Cuando mi jefe me preguntó por primera vez cuándo tenía pensado reincorporarme tras mi excedencia no tenía muy claro cuánto tiempo nos aguantaríamos mi hija y yo. Ya intuía, sin embargo, que lo que empezó como la solución a un mes de agosto sin guardería probablemente se extendería. «Sé que sea cuando sea, me parecerá demasiado pronto». Un buen puñado de meses brevísimos hechos de días eternos en los que apenas encontraba tiempo para hacer nada ya son historia. Historia familiar, al menos. Y a medida que el final se acerca es hora de hacer balance.

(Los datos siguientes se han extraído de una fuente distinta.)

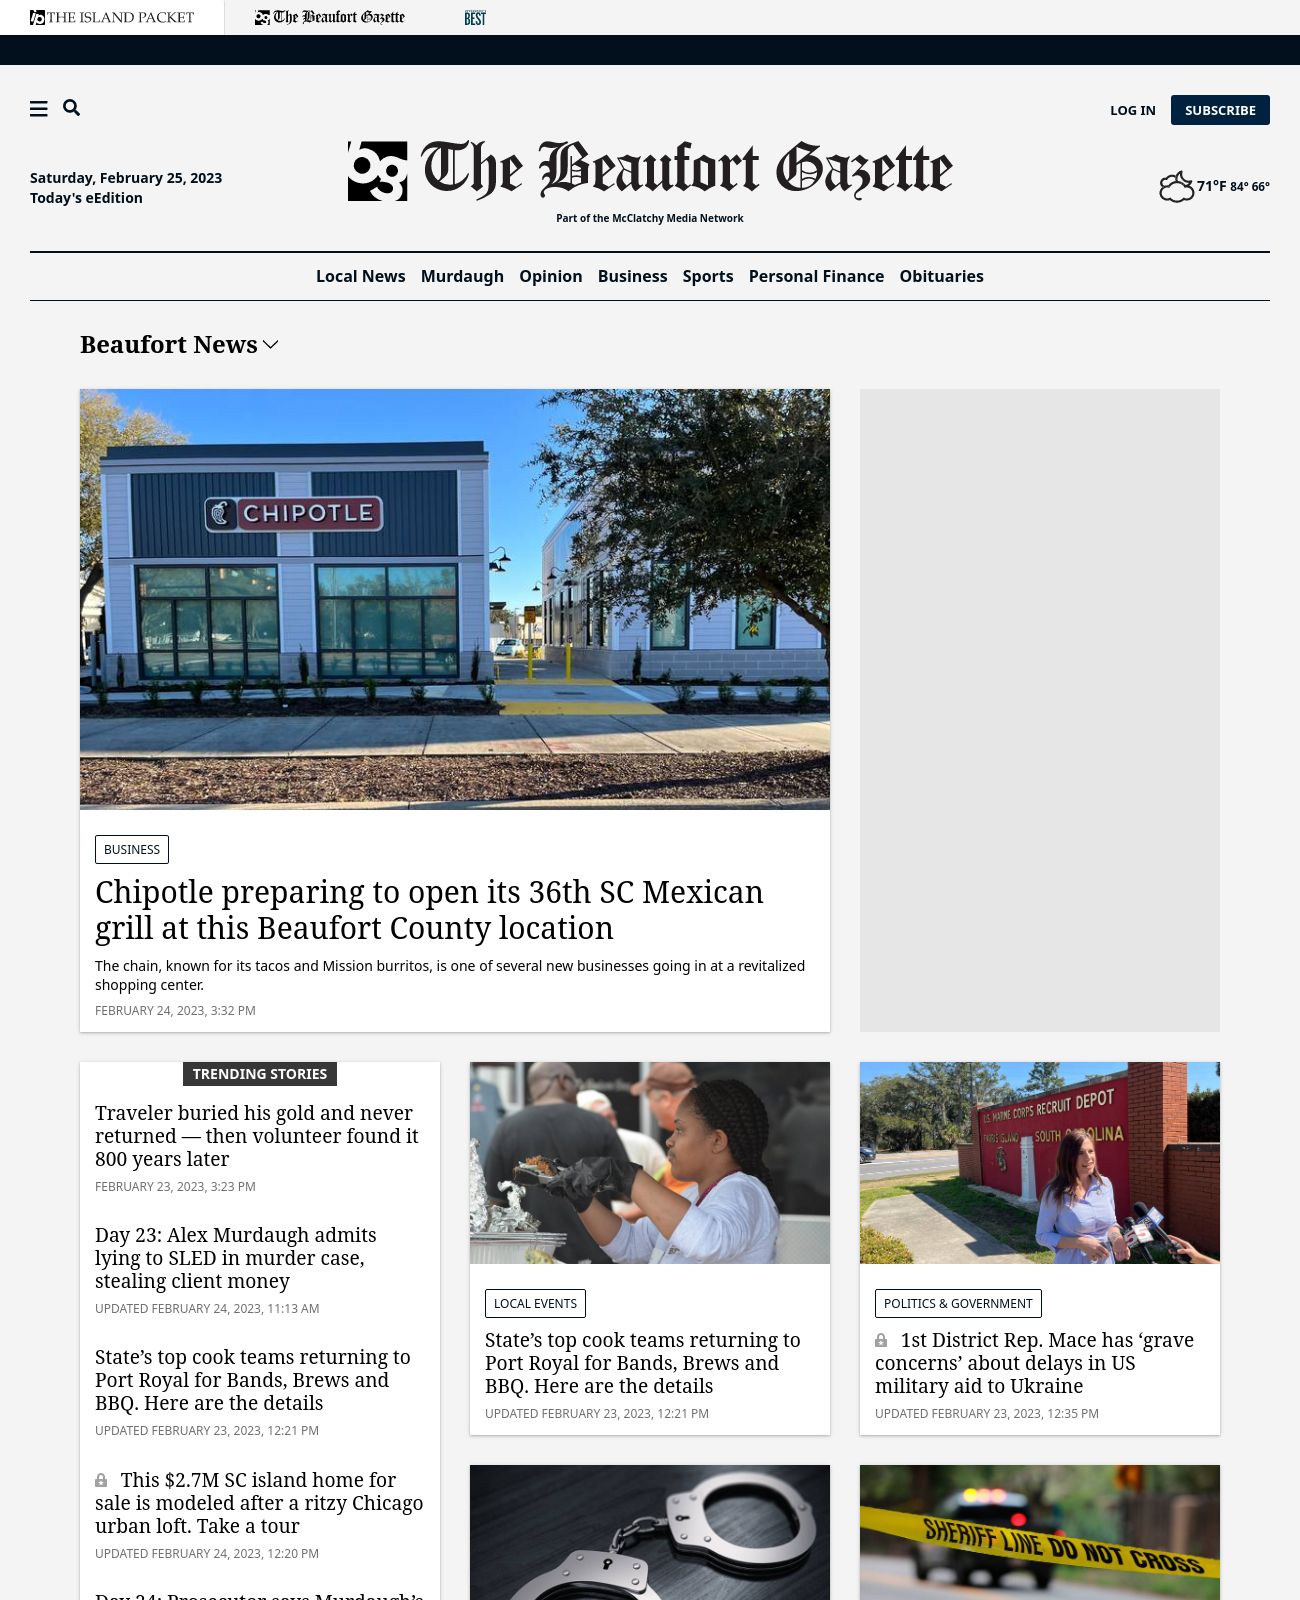 Beaufort Gazette at 2023-02-24 20:02:33-05:00 local time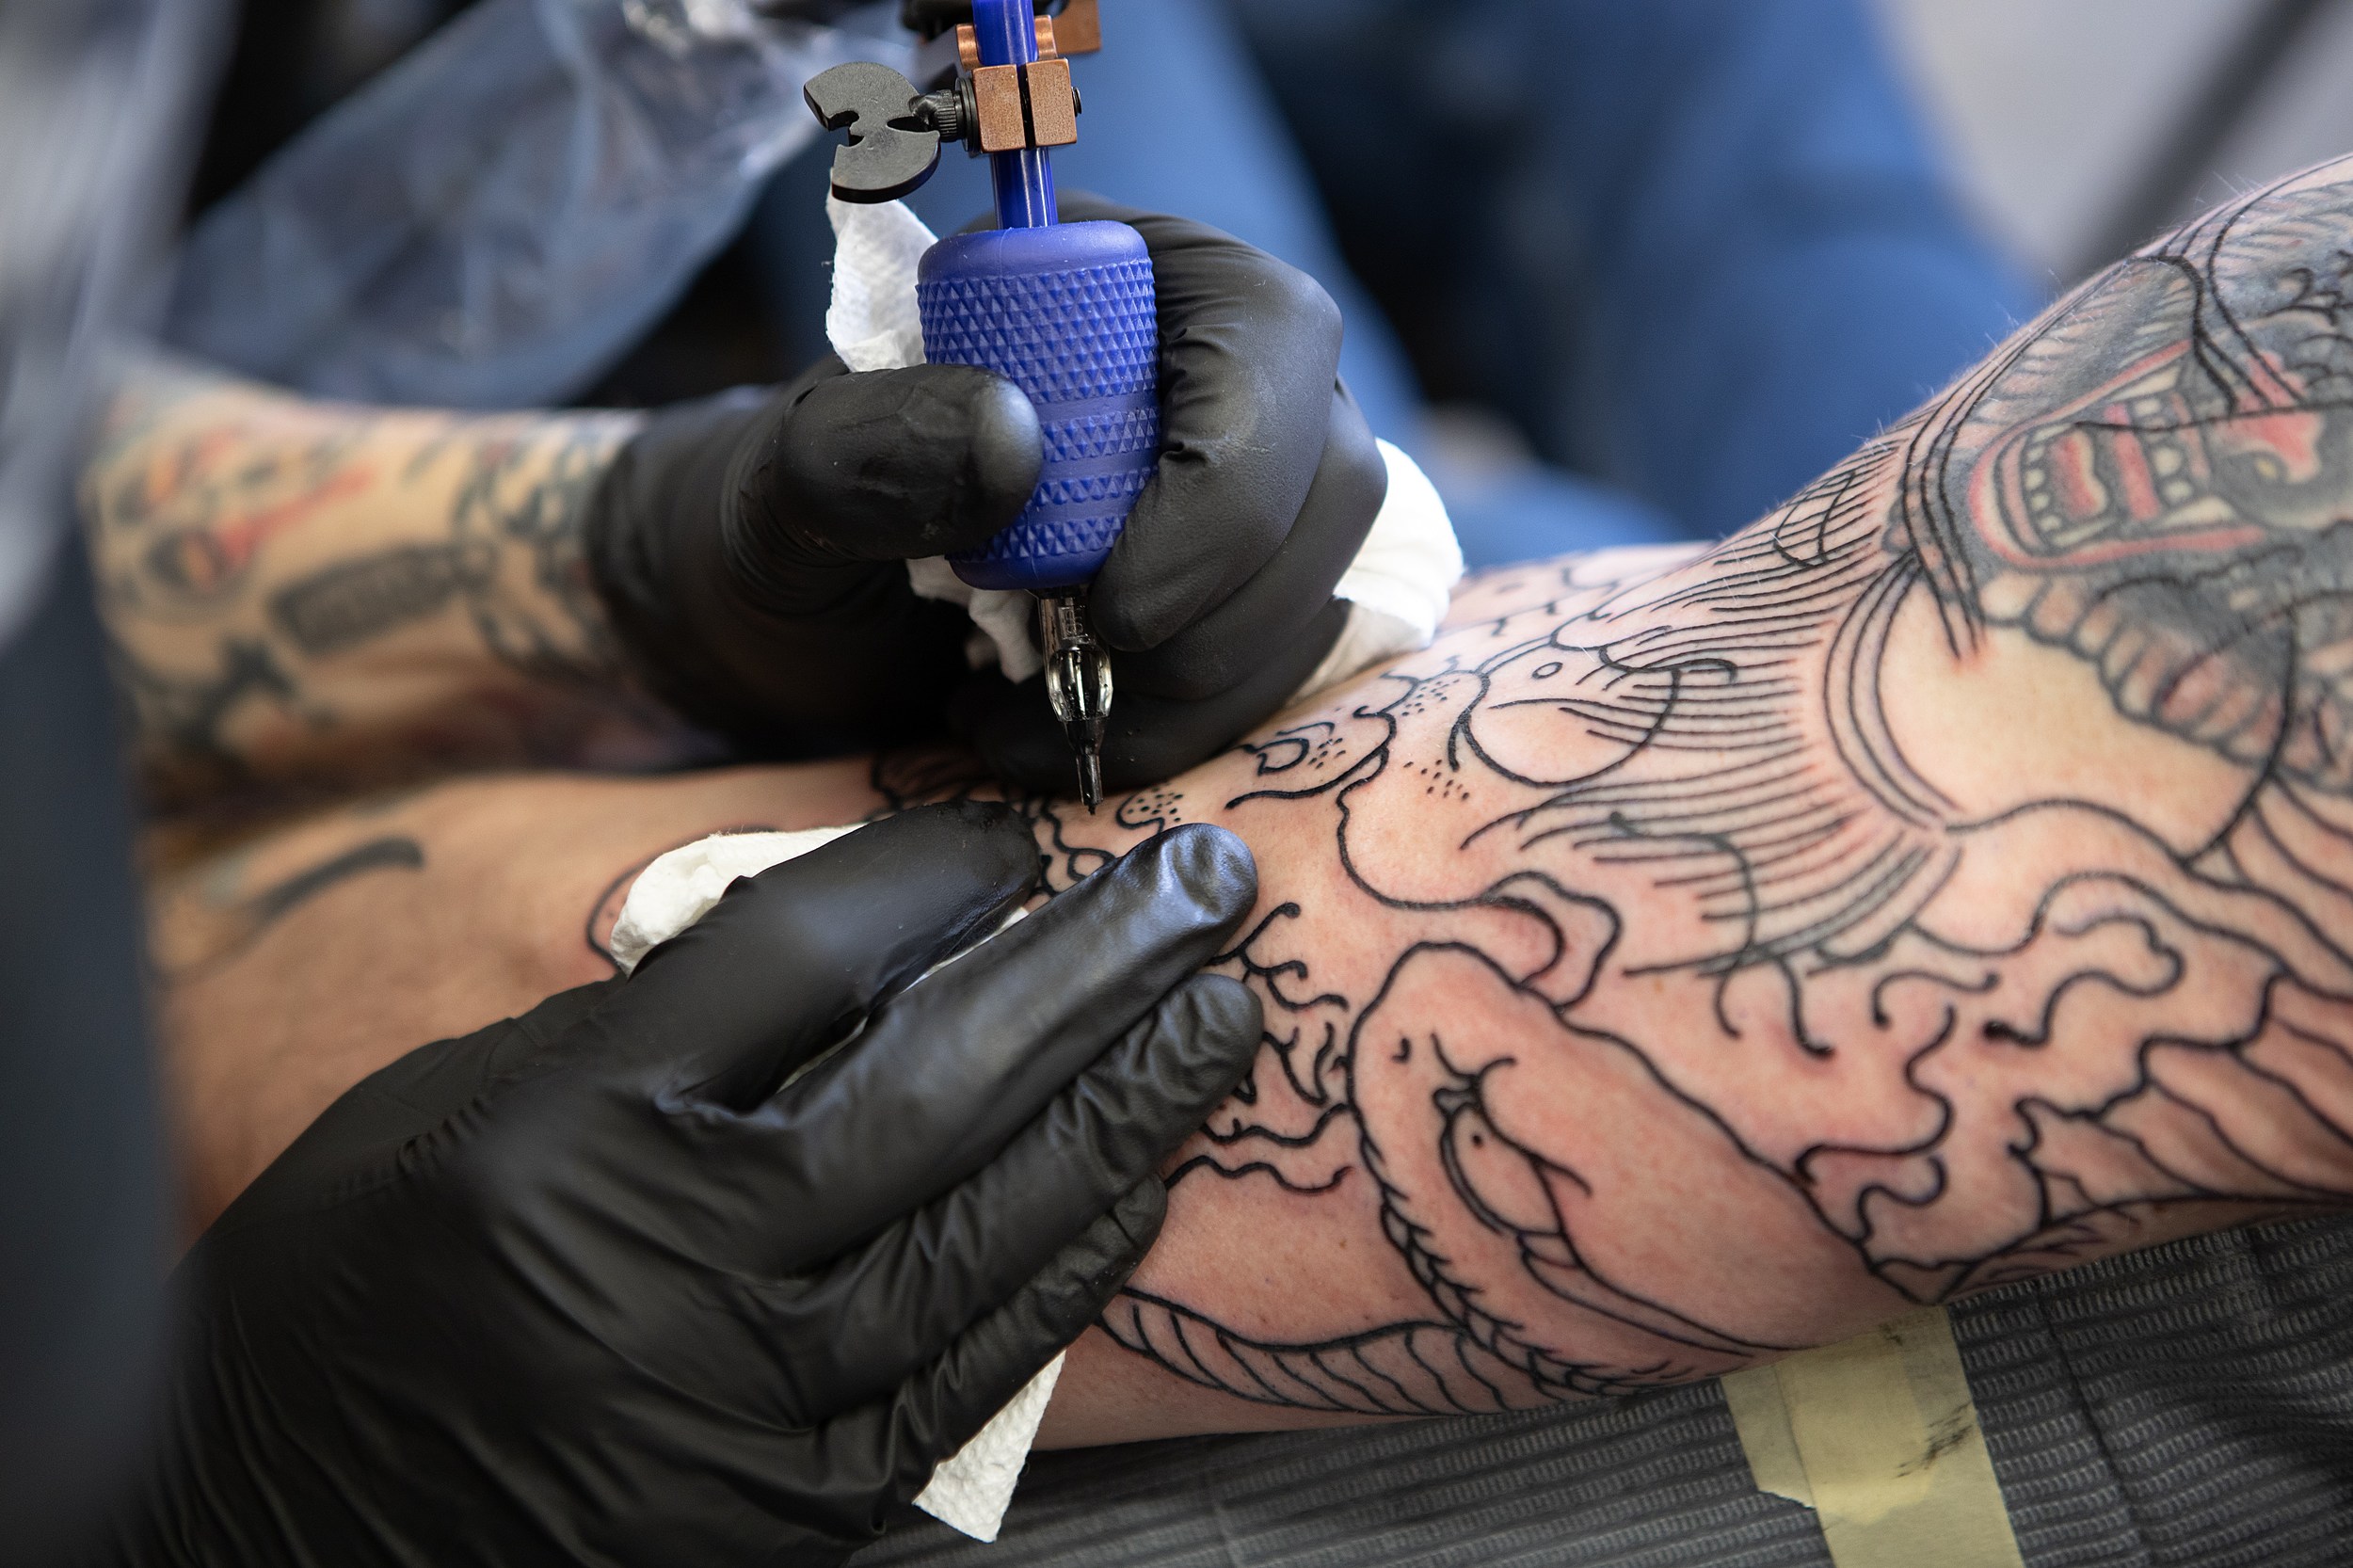 Where Your Tattoo Will Most and Least Likely Fade Over Time

En estos casos hay una pregunta cuya respuesta resume perfectamente la experiencia: si tuviera que volver a tomar esta decisión, ¿repetiría? Y la respuesta es que sí, que una y mil veces, que haría lo que hiciera falta para poder disfrutar otra vez del año que hemos vivido juntos los dos, los tres. Un año «en blanco» desde el punto de vista de una sociedad centrada en la producción y el consumo tiene un precio que hay que estar dispuesto a pagar. Una parte se paga en forma de renuncia laboral; otra, quizá la más inmediata e importante para la mayoría, en metálico. Pero quizá la que menos en cuenta se tiene es la factura personal, la del esfuerzo físico, la del agotamiento mental, la de la soledad… Porque no, una excedencia para cuidar de un niño pequeño no son unas vacaciones.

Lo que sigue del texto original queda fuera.